[5분 SOTA 논문 컨트리뷰션 리뷰 #2] NeurIPS 2017, Attention Is All You Need

[5분 SOTA 논문 컨트리뷰션 리뷰]

[5분 SOTA 논문 컨트리뷰션 리뷰 #2] NeurIPS 2017, Attention Is All You Need

happybean_:D 2021. 10. 21. 15:57

본 포스팅에서는 Attention Is All You Need (NIPS 2017) 논문을 간단히 리뷰하였습니다.

모든 그림과 설명은 논문을 참고하였습니다.

원문 링크 :

Attention Is All You Need

The dominant sequence transduction models are based on complex recurrent or convolutional neural networks in an encoder-decoder configuration. The best performing models also connect the encoder and decoder through an attention mechanism.
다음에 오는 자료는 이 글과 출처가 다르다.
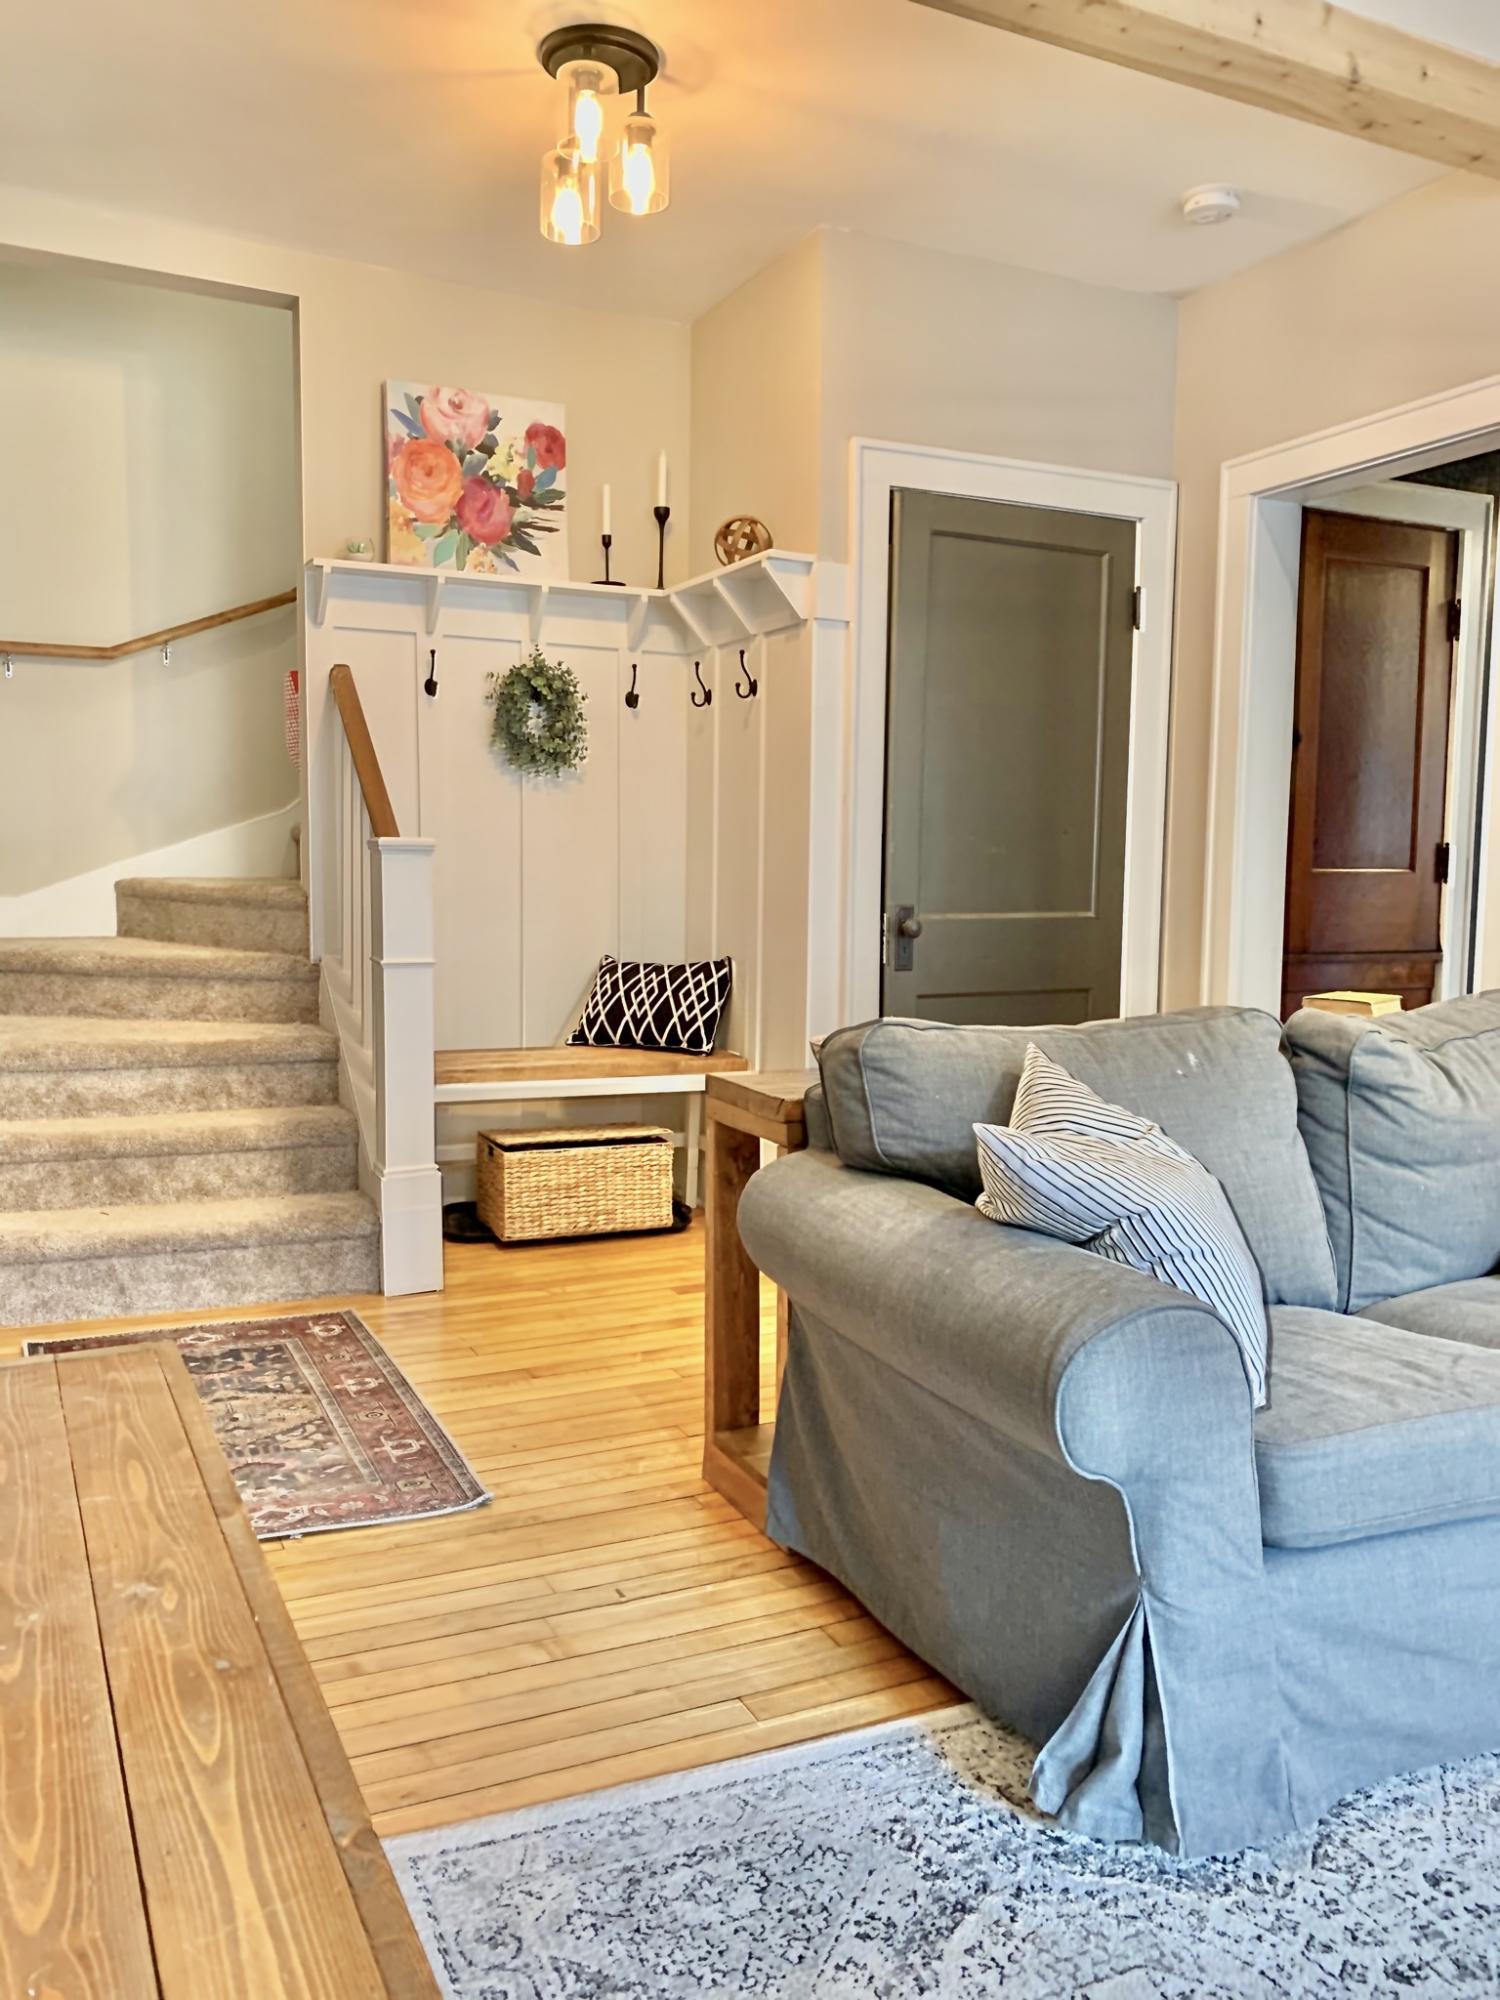 543 Oakwood Ave, Oconomowoc, Wisconsin 53066, 3 Bedrooms Bedrooms, ,2 BathroomsBathrooms,Single-Family,For Sale,Oakwood Ave,1687844

We propose a new

arxiv.org

1. Motivation

기존 기계번역 model 은 encoder, decoder를 포함한 RNN, CNN을 사용하고 있다.

기계번역 task에서 사용된 Seq2Seq model 은 encoder, decoder을 사용하여 입력 시퀀스를 압축하고 출력 시퀀스를 생성하는 모델이다.

하지만 Seq2Seq는 encoder에서 일정 크기로 모든 시퀀스 정보를 압축하여 표현하려고 하기 때문에 정보 손실이 발생하는 단점이 있다.

이러한 단점을 보안하고자 본 논문에서는 Attention Machansim을 기반으로 하며 RNN, CNN을 사용하지 않는 Transformer architecture을 제안하였다.

Figure 1: The Transformer - model architecture.

2. Unique methodology

1). Positional Encoding

본 논문에서는 RNN, CNN을 사용하지 않기에 입력값의 위치에 대한 정보를 얻을 수 없다.

이러한 문제를 해결하고자 본 논문에서는 Positional Encoding을 이용하여 위치정보를 받아 오게 된다.

Positional Encoding 은 아래 식과 같이 구할 수 있다.

PE_(pos,2i)=sin(pos/10000^2i/d_model)

PE_(pos,2i+1)=cos(pos/10000^2i/d_model)

위 식과 같이 주기 함수를 사용하지 않고 학습된 Positional embedding을 사용해도 된다.

Positional embedding 사용한 결과와 주기 함수를 사용한 결과가 같은 것을 Table 3을 통해 알 수 있다.

하지만 본 논문에서 주기 함수를 사용한 이유는 training 시 사용한 sequnce의 길이보다 긴 sequnce에 대해 더 좋은 성능을 보여주기 때문이다.

2) Attention Mechanism

본 논문에서 는 3가지의 Attention Mechanism을 사용한다.

- Encoder Self Attention : Query = key = value

- Masked Decoder Self-Attention : Query = key = value

- Encoder-Decoder Attention : Query (decoder vector), key = value (encoder vector)

이러한 Attention 방식을 사용하여 Attention scores를 구하게 된다.

Attention scores를 softmax에 넣어 최종적으로 정보를 압축시킨 context vector을 만든다.

https://jalammar.github.io/visualizing-neural-machine-translation-mechanics-of-seq2seq-models-with-attention/

3. Results

Table 2: Variations on the Transformer architecture.

Table 1

본 논문에서 제시한 model 인 Transformer 이 BLEU, FLOPs 면에서 다른 model 들에 비해 더 좋은 성능을 보여주고 있다.

Table 2

1) 행(B)에서 는 attention key size를 줄이게 되면 model의 성능이 저하되는 것을 알 수 있다.

2) 행(C), (D)에서는 큰 model 일수록 더 좋다는 것을 알 수 있고, dropout을 사용하여 over-fitting을 방지할 수 있다는 것을 알 수 있다.

3) 행(E)에서 학습된 Positional embedding을 주기 함수 대신 사용하였을 때 동일한 값이 나오는 것을 알 수 있다.

BLEU(Bilingual Evaluation Understudy)

:기계 번역 결과와 사람이 직접 번역한 결과가 얼마나 유사한지 비교하여 번역에 대한 성능을 측정하는 방법이다.

PPL(Perplexity)

: 펄플렉서티(perplexity)는 언어 모델을 평가하기 위한 내부 평가 지표이다. (헷갈리는 정도)